Phase 2: Implementation (30% of effort)
- Setup Project: Create structure following language-specific guide
- Build Shared Utilities: API helpers, error handlers, formatters BEFORE tools
- Implement Tools: Use Pydantic (Python) or Zod (TypeScript) for validation
- Follow Best Practices: Load language-specific guide for patterns
See workflow.md for complete Phase 2 steps and language guides.
Phase 3: Review and Refine (15% of effort)
- Code Quality Review: Check DRY, composability, consistency, type safety
- Test Build: Verify syntax, imports, build process
- Quality Checklist: Use language-specific checklist
See workflow.md for complete Phase 3 steps.
Phase 4: Create Evaluations (15% of effort)
- Understand Purpose: Evaluations test if agents can answer realistic questions using your tools
- Create 10 Questions: Complex, read-only, independent, verifiable questions
- Verify Answers: Solve yourself to ensure stability and correctness
- Run Evaluation: Use provided scripts to test agent effectiveness
See evaluation.md for complete evaluation guidelines.
Navigation
Core Design and Workflow
🎯 Design Principles - Agent-centric design philosophy: workflows over APIs, context optimization, actionable errors, natural task subdivision. Read FIRST before implementation.
🔄 Complete Workflow - Detailed 4-phase development process with step-by-step instructions, decision trees, and when to load each reference file.
Universal MCP Guidelines
- 📋 MCP Best Practices - Naming conventions, response formats, pagination, character limits, security, tool annotations, error handling. Applies to all MCP servers.
Language-Specific Implementation
🐍 Python Implementation - FastMCP patterns, Pydantic validation, async/await, complete examples, quality checklist. Load during Phase 2 for Python servers.
⚡ TypeScript Implementation - MCP SDK patterns, Zod validation, project structure, complete examples, quality checklist. Load during Phase 2 for TypeScript servers.
Evaluation and Testing
- ✅ Evaluation Guide - Creating realistic questions, answer verification, XML format, running evaluations, interpreting results. Load during Phase 4.
Key Reminders
- Research First: Spend 40% of time researching before coding
- Agent-Centric: Design for AI workflows, not API completeness
- Context Efficient: Every token counts - default concise, offer detailed
- Actionable Errors: Guide agents to correct usage
- Shared Utilities: Extract common code - avoid duplication
- Evaluation-Driven: Create evals early, iterate based on feedback
- MCP Servers Block: Never run servers directly - use evaluation harness or tmux
Red Flags - STOP
If you catch yourself:
- "Just wrapping these API endpoints directly"

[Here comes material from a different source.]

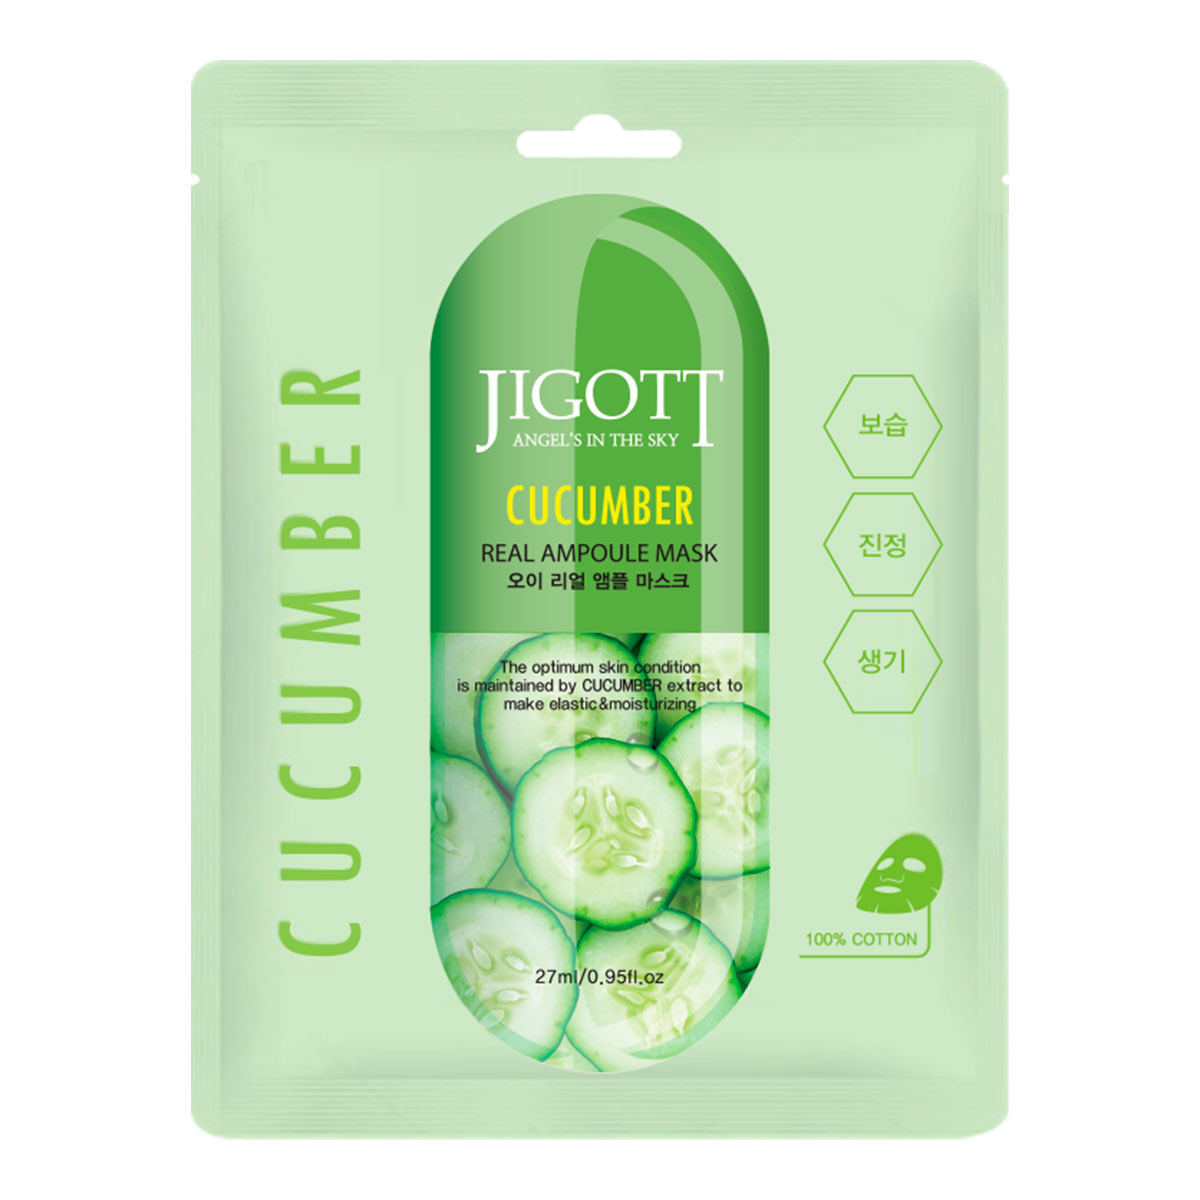 CUCUMBER REAL AMPOULE MASK

- "Returning all available data fields"
- "Error message just says what failed" (not how to fix)
- Starting implementation without reading design principles
- Coding before loading MCP protocol documentation
- Creating tools without knowing agent use cases
- Skipping evaluation creation
- Running
python server.pydirectly (will hang forever)

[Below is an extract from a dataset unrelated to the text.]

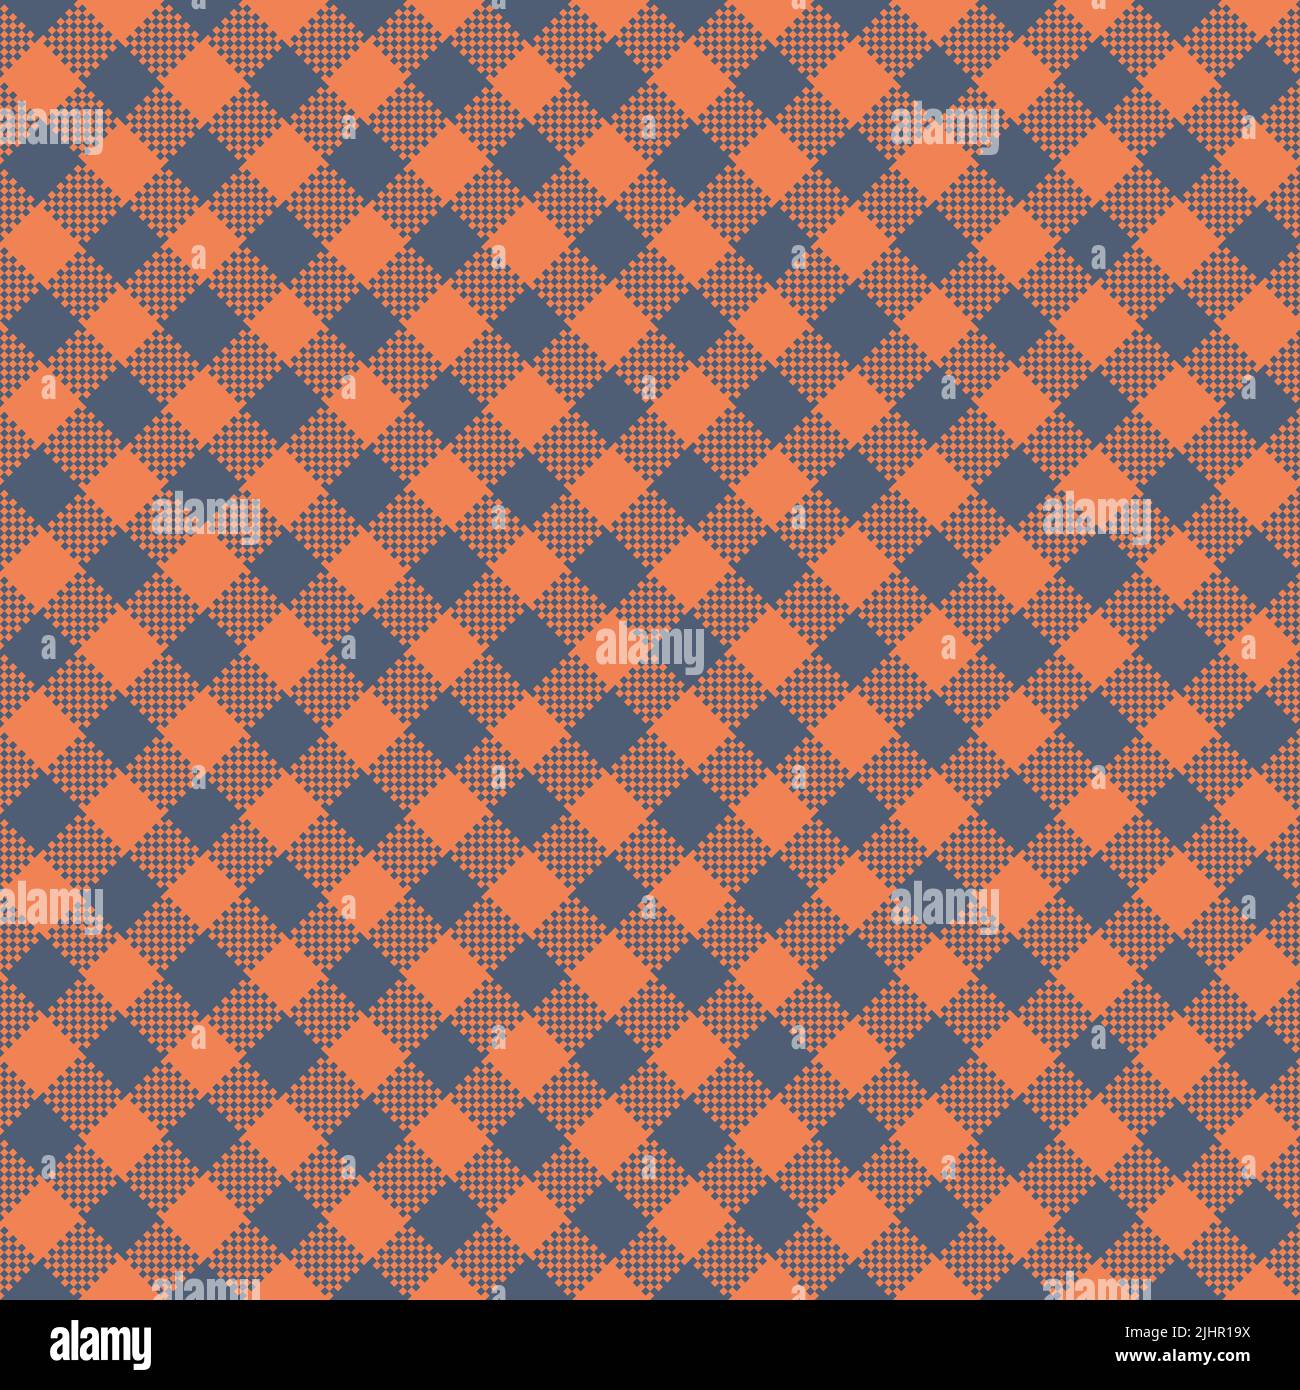 plaid pattern images hi-res Alamy - photography stock and Coral background

ALL of these mean: STOP. Return to design principles and workflow.
Integration with Other Skills
- systematic-debugging: Debug MCP server issues methodically
- test-driven-development: Create failing tests before implementation
- verification-before-completion: Verify build succeeds before claiming completion
- defense-in-depth: Add input validation at multiple layers
Real-World Impact
From MCP server development experience:
- Well-designed servers: 80-90% task completion rate by agents
- API wrapper approach: 30-40% task completion rate
- Context-optimized responses: 3x more information in same token budget
- Actionable errors: 60% reduction in agent retry attempts
- Evaluation-driven iteration: 2-3x improvement in agent success rate
Remember: The quality of an MCP server is measured by how well it enables LLMs to accomplish realistic tasks, not by how comprehensively it wraps an API.